Work instructions
Among the entries below, retype exactly the lines starting with the one with "Кейс противоударный PRO-4x4" and going on through the one with "Stedentrip naar Bologna", but not the pictures.

Records provided
..........

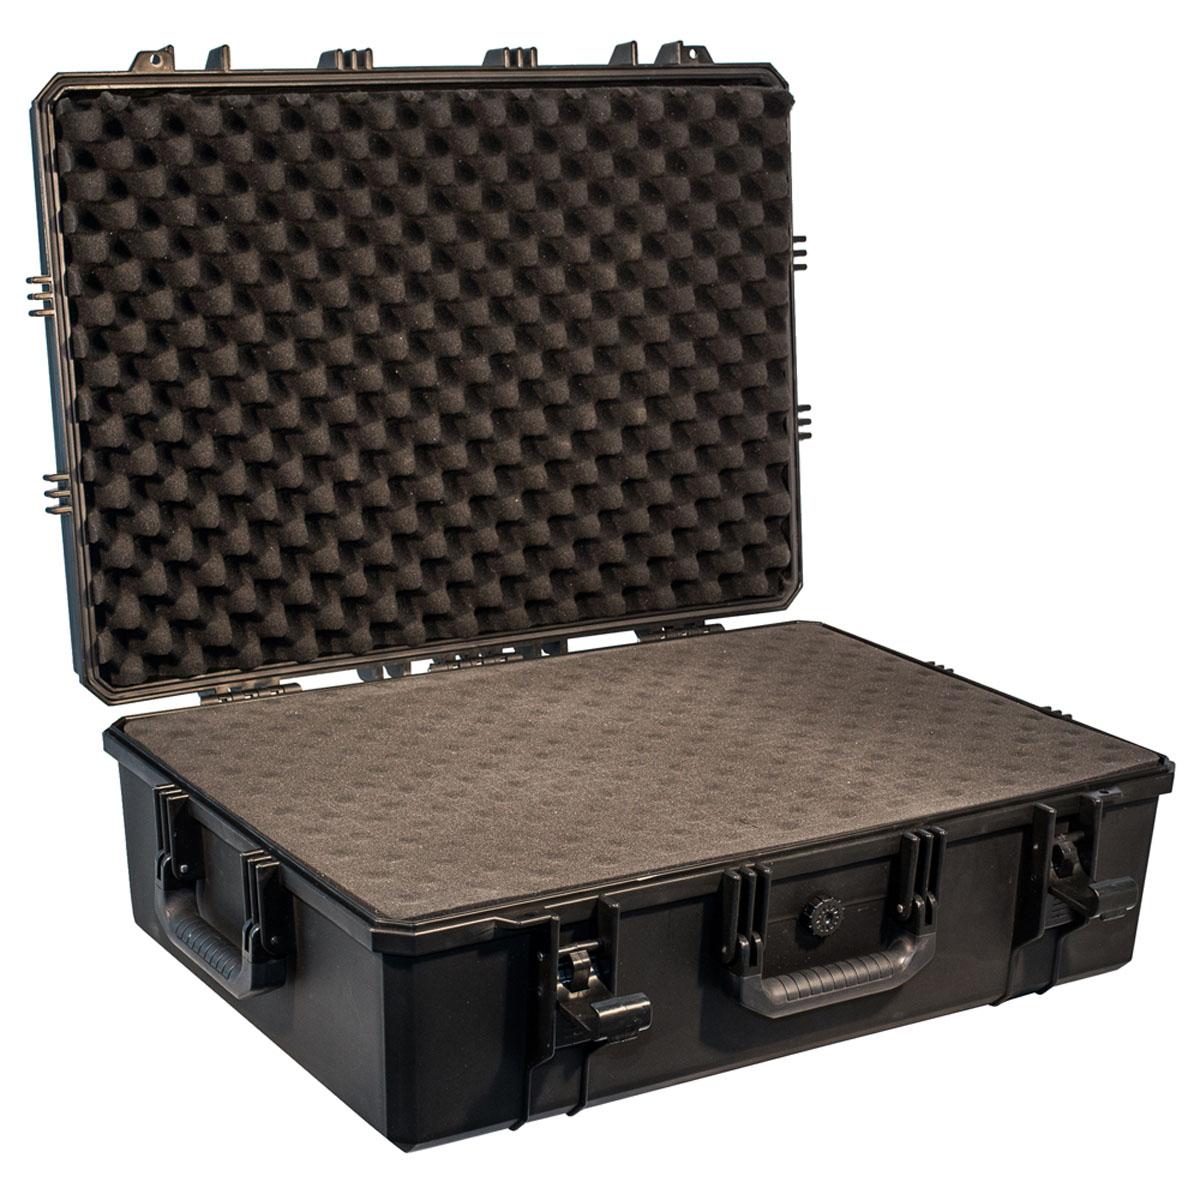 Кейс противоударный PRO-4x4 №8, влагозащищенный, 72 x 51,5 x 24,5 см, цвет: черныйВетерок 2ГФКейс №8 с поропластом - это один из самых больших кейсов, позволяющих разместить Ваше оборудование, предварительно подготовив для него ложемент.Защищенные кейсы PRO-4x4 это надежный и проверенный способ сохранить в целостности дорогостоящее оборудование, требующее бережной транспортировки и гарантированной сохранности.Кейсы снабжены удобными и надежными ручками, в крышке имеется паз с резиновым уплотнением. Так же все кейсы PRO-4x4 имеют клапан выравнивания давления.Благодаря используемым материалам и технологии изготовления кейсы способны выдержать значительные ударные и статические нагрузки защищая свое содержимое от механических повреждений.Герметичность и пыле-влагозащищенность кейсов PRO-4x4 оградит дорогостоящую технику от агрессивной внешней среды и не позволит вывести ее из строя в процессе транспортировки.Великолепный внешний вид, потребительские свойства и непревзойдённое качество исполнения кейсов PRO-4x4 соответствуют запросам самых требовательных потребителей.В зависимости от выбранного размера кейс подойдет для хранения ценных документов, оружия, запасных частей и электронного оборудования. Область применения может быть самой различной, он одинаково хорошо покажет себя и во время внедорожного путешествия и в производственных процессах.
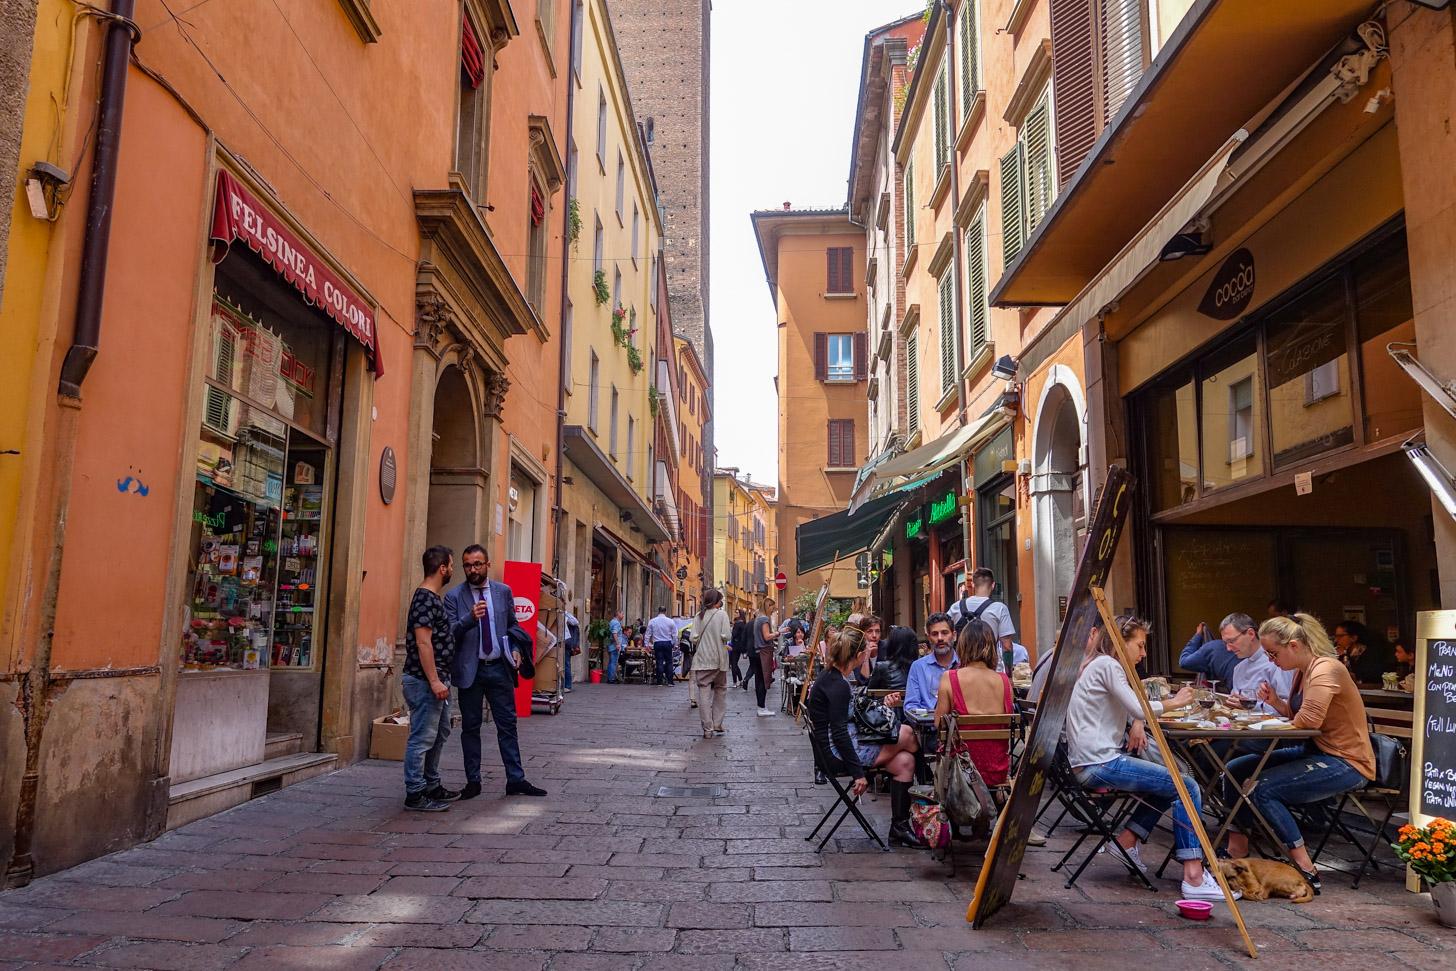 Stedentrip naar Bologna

..........

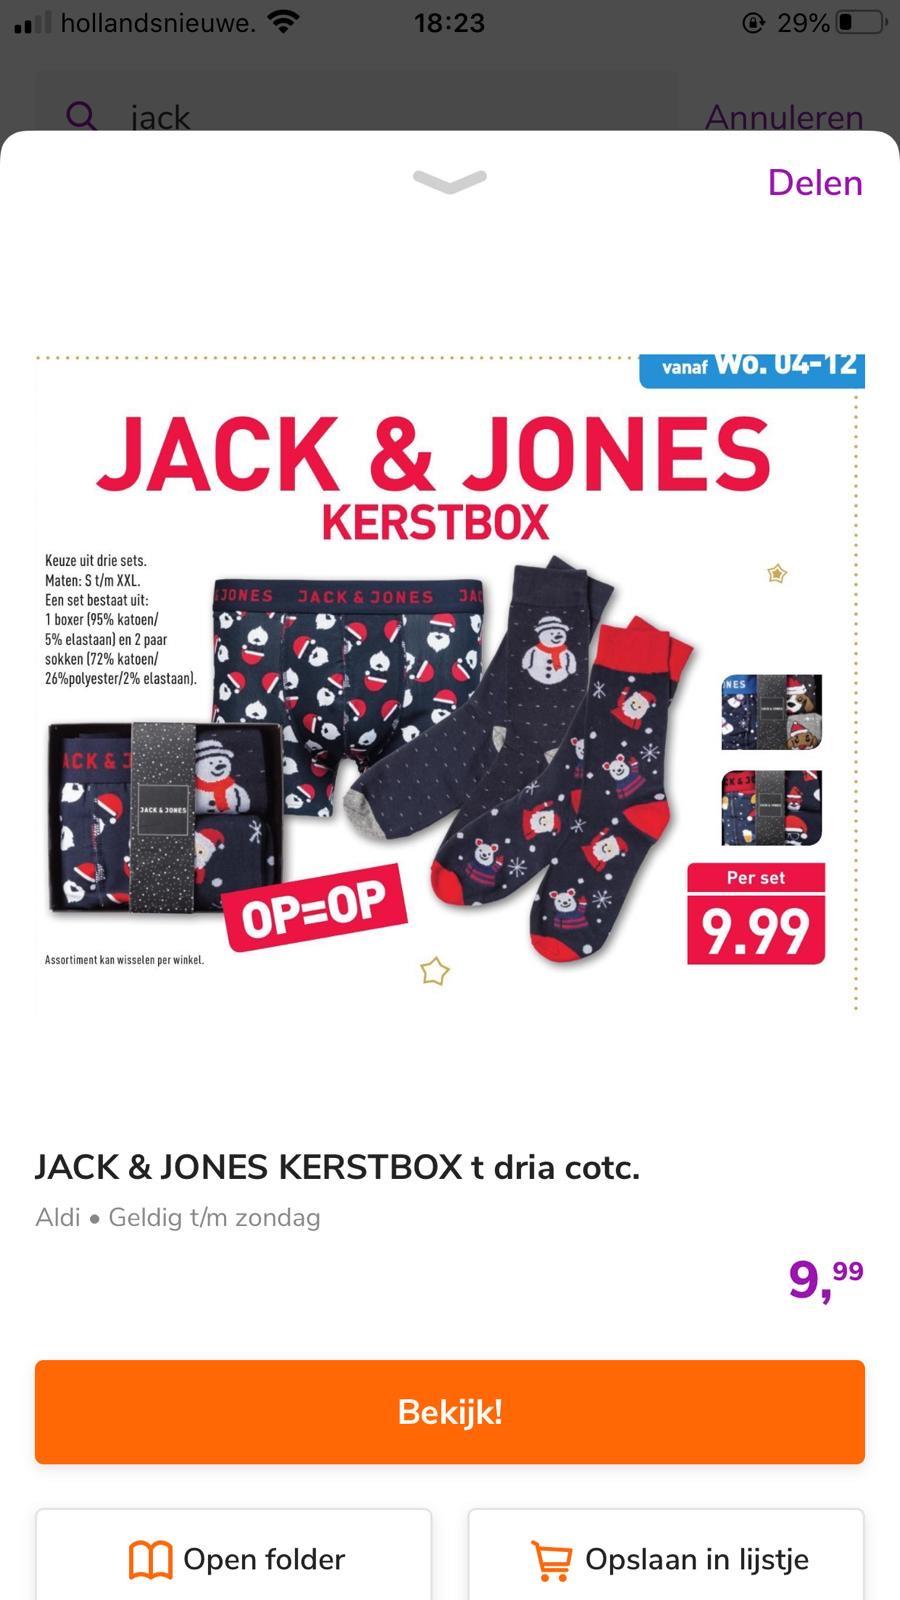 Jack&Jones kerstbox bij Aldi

..........

Finished exercise
 Кейс противоударный PRO-4x4 №8, влагозащищенный, 72 x 51,5 x 24,5 см, цвет: черныйВетерок 2ГФКейс №8 с поропластом - это один из самых больших кейсов, позволяющих разместить Ваше оборудование, предварительно подготовив для него ложемент.Защищенные кейсы PRO-4x4 это надежный и проверенный способ сохранить в целостности дорогостоящее оборудование, требующее бережной транспортировки и гарантированной сохранности.Кейсы снабжены удобными и надежными ручками, в крышке имеется паз с резиновым уплотнением. Так же все кейсы PRO-4x4 имеют клапан выравнивания давления.Благодаря используемым материалам и технологии изготовления кейсы способны выдержать значительные ударные и статические нагрузки защищая свое содержимое от механических повреждений.Герметичность и пыле-влагозащищенность кейсов PRO-4x4 оградит дорогостоящую технику от агрессивной внешней среды и не позволит вывести ее из строя в процессе транспортировки.Великолепный внешний вид, потребительские свойства и непревзойдённое качество исполнения кейсов PRO-4x4 соответствуют запросам самых требовательных потребителей.В зависимости от выбранного размера кейс подойдет для хранения ценных документов, оружия, запасных частей и электронного оборудования. Область применения может быть самой различной, он одинаково хорошо покажет себя и во время внедорожного путешествия и в производственных процессах.
 Stedentrip naar Bologna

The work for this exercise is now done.